One More Problem to Solve
An issue that hasn’t been discussed specifically in this article yet, but should be mentioned: encryption. There’s two types of encryption:
“Wire Encryption”: SSL/TLS encryption we face every day in our browser windows, when we visit a website with the prefix https – as opposed to http – “s for secure”. This is called wire encryption, encrypting the communication between two servers and I’m not going to explain here why this is important. This was done multiple time on the internet, e.g., here.
“Encryption at rest” describes data persisted in any storage system, e.g. a local hard drive, a distributed file system or any database system. Especially in times where you might not take care of your own infrastructure (data center, cloud vendor,….), encryption at rest makes sure, that those who administrate the infrastructure and possibly assign policies cannot actually use the data. The encryption key stays with the designated user or is managed on separate Key Management Servers (KMS) to guarantee that only those who are allowed to use the data (beyond policy assignment) can see the data.
Medieval Times: How to Deal with Regulations and External Policies (0-3 Years Ago)
One might ask themselves, why I would compare the time of regulations and governmental policies with the medieval times, often known as the dark ages. One good analogy is that, we have most of the required tools available from earlier times, but we are just not using them. And this is were the analogy ends already: the reasons of not leveraging technology in the medieval times were very different ones…

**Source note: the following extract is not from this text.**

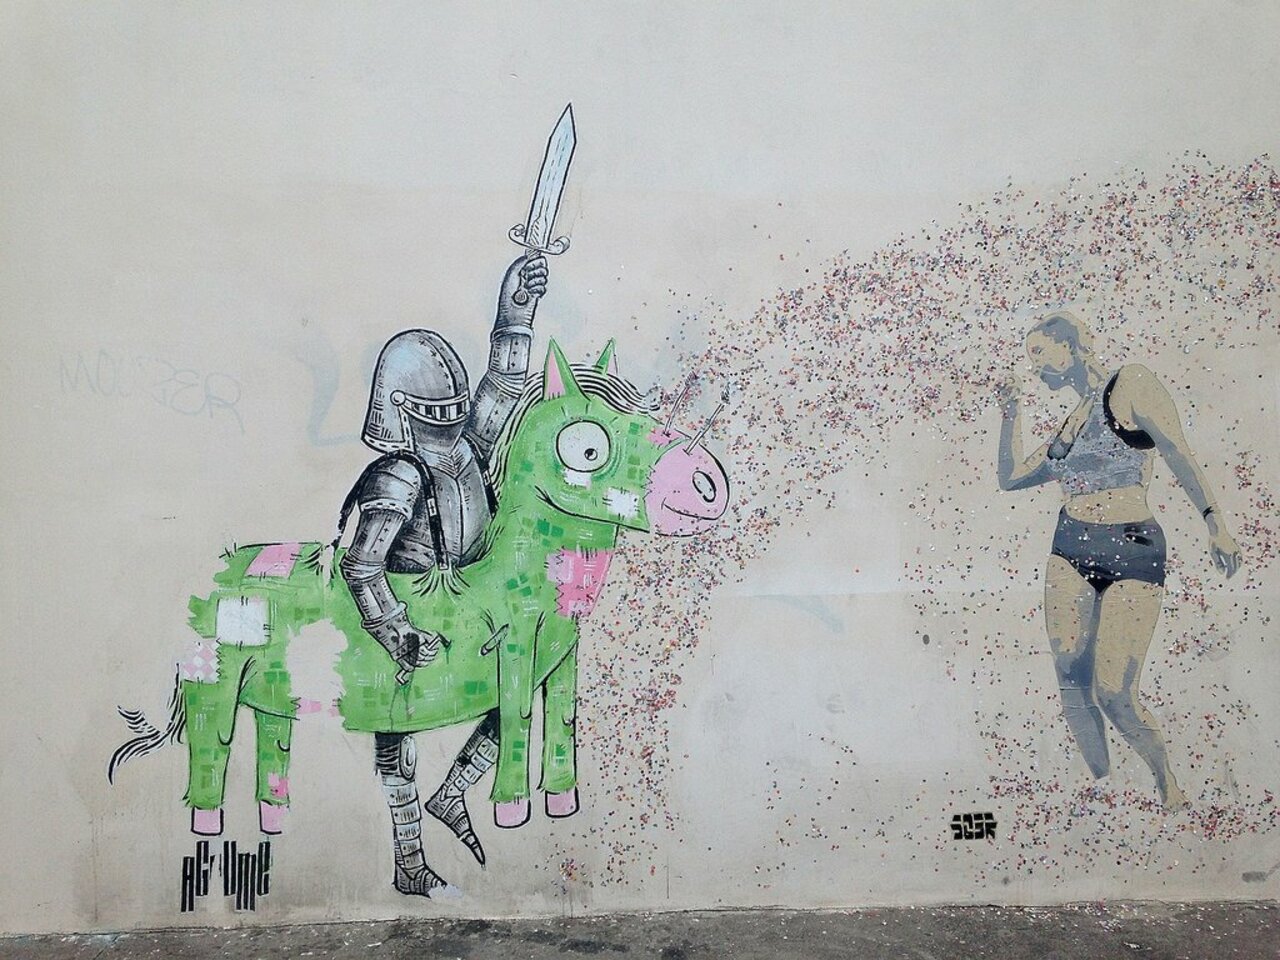 Street Art by Agrume in #Paris http://www.urbacolors.com #art #mural #graffiti #streetart https://t.co/QVF0D7VZrS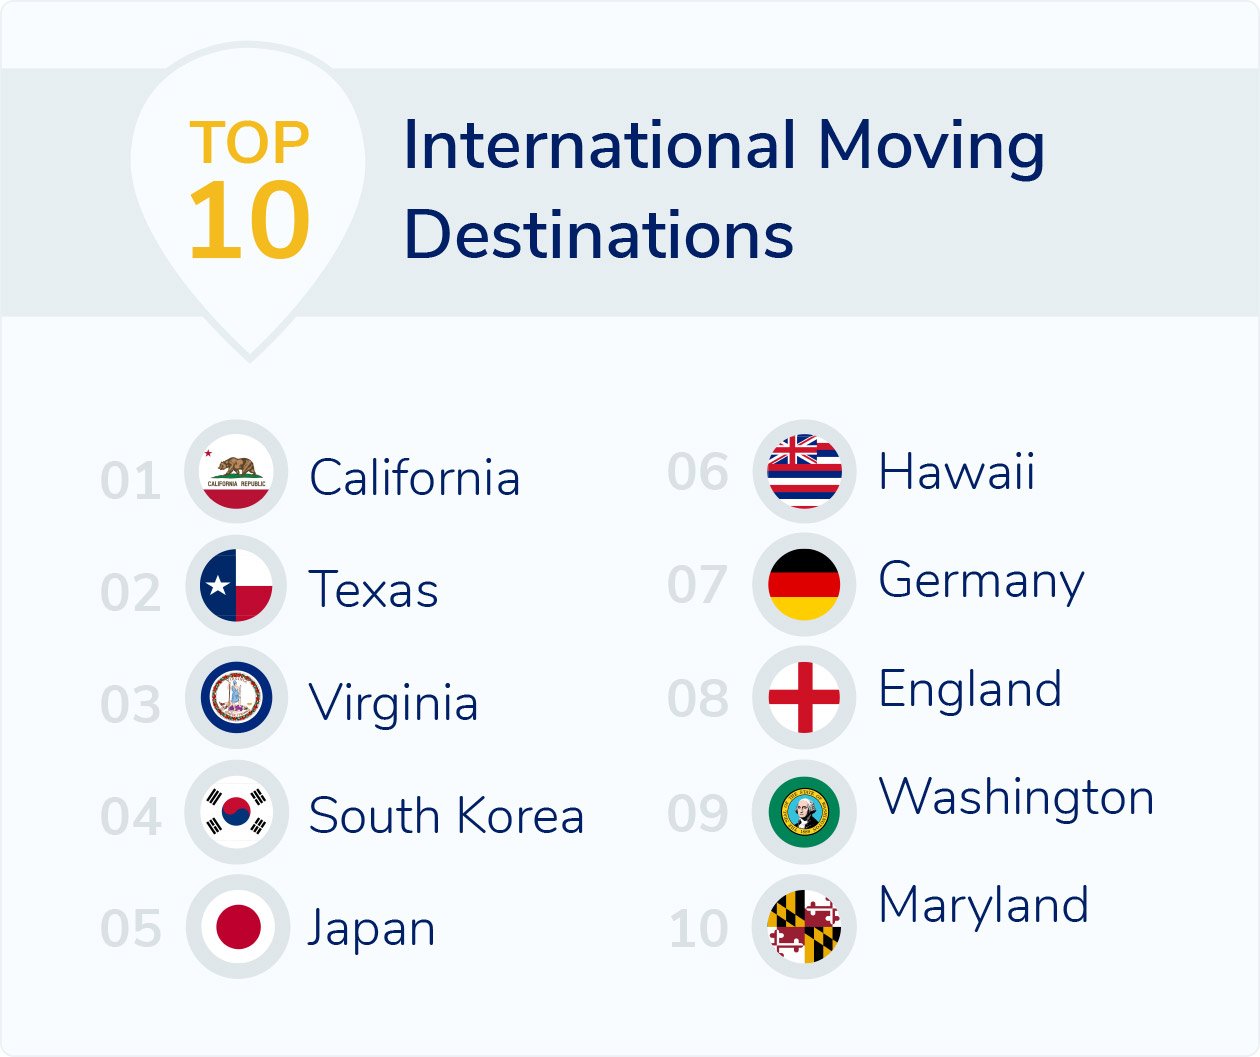 Top International Moving Destinations

Let’s recapitulate what we have so far:
Growing number of data sets
Growing number of users
A set of tools to address security challenges
A set of tools to address governance challenges
On top of this, new regulations such as the General Data Protection Regulation (GDPR) pose new challenges. An overly brief and overly simplified summary of what GDPR means for a data lake can be found below:
We need the consent to the processing of people’s personal data.
We need to fulfill contractual obligations with a data subject, i.e.,
provide information to the data subject in a concise, transparent, intelligible and easily accessible form,
delete any data subject related data on request.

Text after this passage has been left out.